2013年10月4日 星期五

Pseudo-communities

The first response of a group in seeking to form a community is most often to try to fake it. The members attempt to be an instant community by being extremely pleasant with one another and avoiding all disagreement. This attempt – this pretense of community – is what I term “pseudo-community.” It never works.
In pseudo-community a group attempts to purchase community cheaply by pretense. It is not an evil, conscious pretense of deliberate black lies. Rather, it is an unconscious, gentle process whereby people who want to be loving attempt to be so by telling little white lies, by withholding some of the truth about themselves and their feelings in order to avoid conflict. But it is still a pretense. It is an inviting but illegitimate shortcut to nowhere.
The essential dynamic of pseudo-community is conflict-avoidance. The absence of conflict in a group is not by itself diagnostic. Genuine communities may experience lovely and sometimes lengthy periods free from conflict. But that is because they have learned how to deal with conflict rather than avoid it. Pseudo-community is conflict-avoiding; true community is conflict-resolving.
What is diagnostic of pseudo-community is the minimization, the lack of acknowledgement, or the ignoring of individual differences. Nice people are so accustomed to being well mannered that they are able to deploy their good manners without even thinking about what they are doing. In pseudo-community it is as if every individual member is operating according to the same book of etiquette. The rules of this book are: Don’t do or say anything that might offend someone else; if someone does or says something that offends, annoys, or irritates you, act as if nothing has happened and pretend you are not bothered in the least; and if some form of disagreement should show signs of appearing, change the subject as quickly and smoothly as possible – rules that any good hostess knows. It is easy to see how these rules make for a smoothly functioning group. But they also crush individuality, intimacy, and honesty, and the longer it lasts the duller it gets.
The basic pretense of pseudo-community is the denial of individual differences. The members pretend – act as if – they all have the same belief in Jesus Christ, the same understanding of the Russians, even the same life history. One of the characteristics of pseudo-community is that people tend to speak in generalities. “Divorce is a miserable experience,” they will say. Or “One has to trust one’s instincts.” Or “We need to accept that our parents did the best they could.” Or “Once you’ve found God, then you don’t need to be afraid anymore.” Or “Jesus has saved us from our sins.”
Another characteristic of pseudo-community is that the members will let one another get away with such blanket statements. Individuals will think to themselves, I found God twenty years ago and I’m still scared, but why let the group know that? To avoid the risk of conflict they keep their feelings to themselves and even nod in agreement, as if a speaker has uttered some universal truth. Indeed, the pressure to skirt any kind of disagreement may be so great that even the very experienced communicators in the group – who know perfectly well that speaking in generalities is destructive to genuine communication – may be inhibited from challenging what they know is wrong...
In my experience most groups that refer to themselves as “communities” are, in fact, pseudo-communities.
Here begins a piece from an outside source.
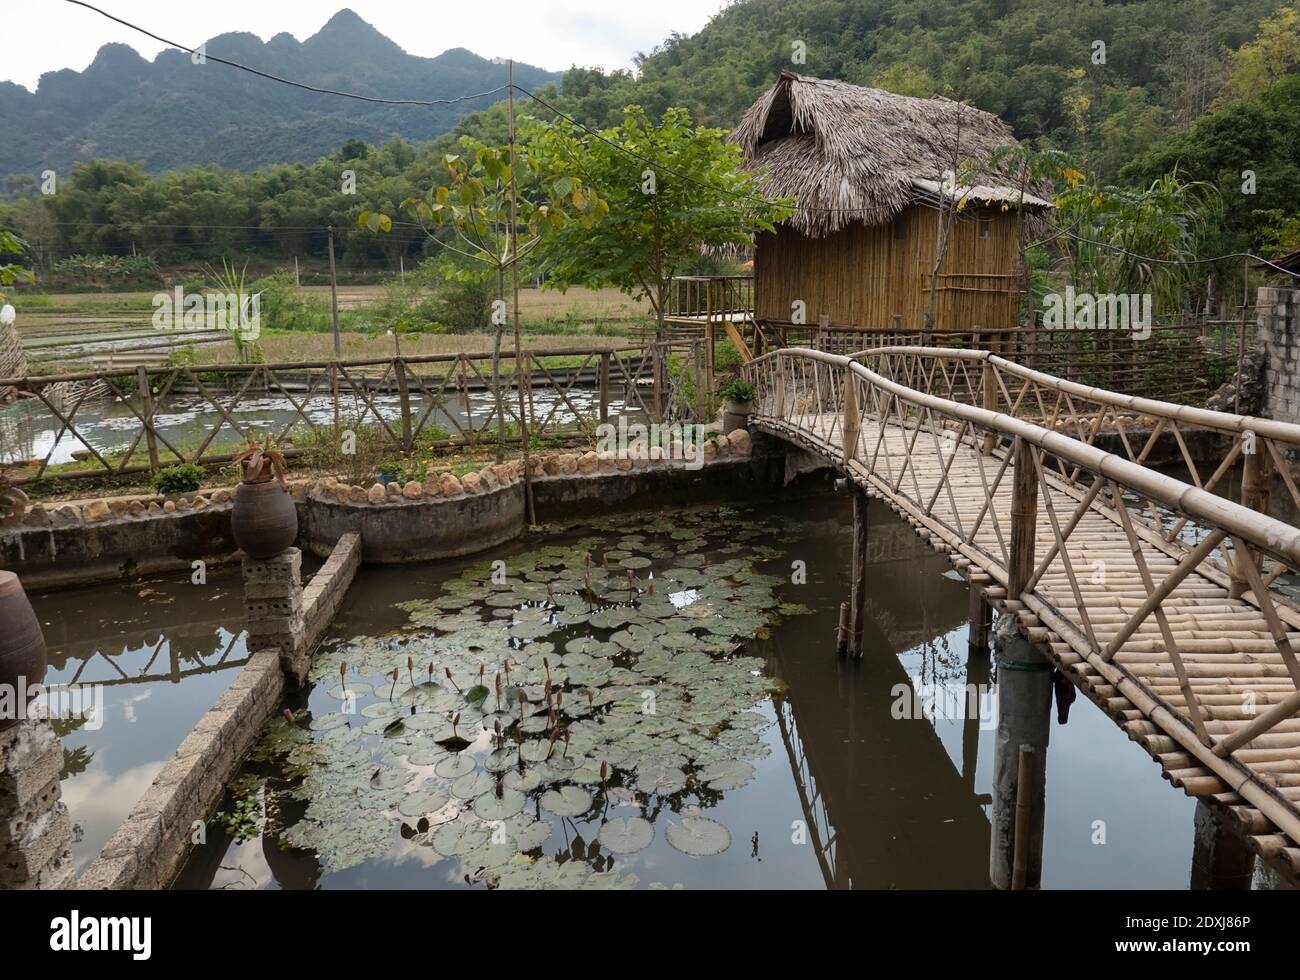 Pont en bambou au-dessus d'un étang avec des nénuphars Banque D'Images

Think about whether the expression of individual differences is encouraged or discouraged, for instance, in the average church congregation. Is the kind of conformism I have described in the first stage of community-making the norm or the exception in our society?
...Often all that is required is to challenge the platitudes or generalizations. When Mary says, “Divorce is a terrible thing,” I am likely to comment: “Mary, you’re making a generalization. I hope you don’t mind my using you as an example for the group, but one of the things people need to learn to communicate well is how to speak personally – how to use ‘I’ and ‘my’ statements. I wonder if you couldn’t rephrase your statement to ‘My divorce was a terrible thing for me.’”...
Once individual differences are not only allowed but encouraged to surface in some such way, the group almost immediately moves to the second stage of community development: chaos.


excerpt from: Scott Peck (1987) The Different Drum.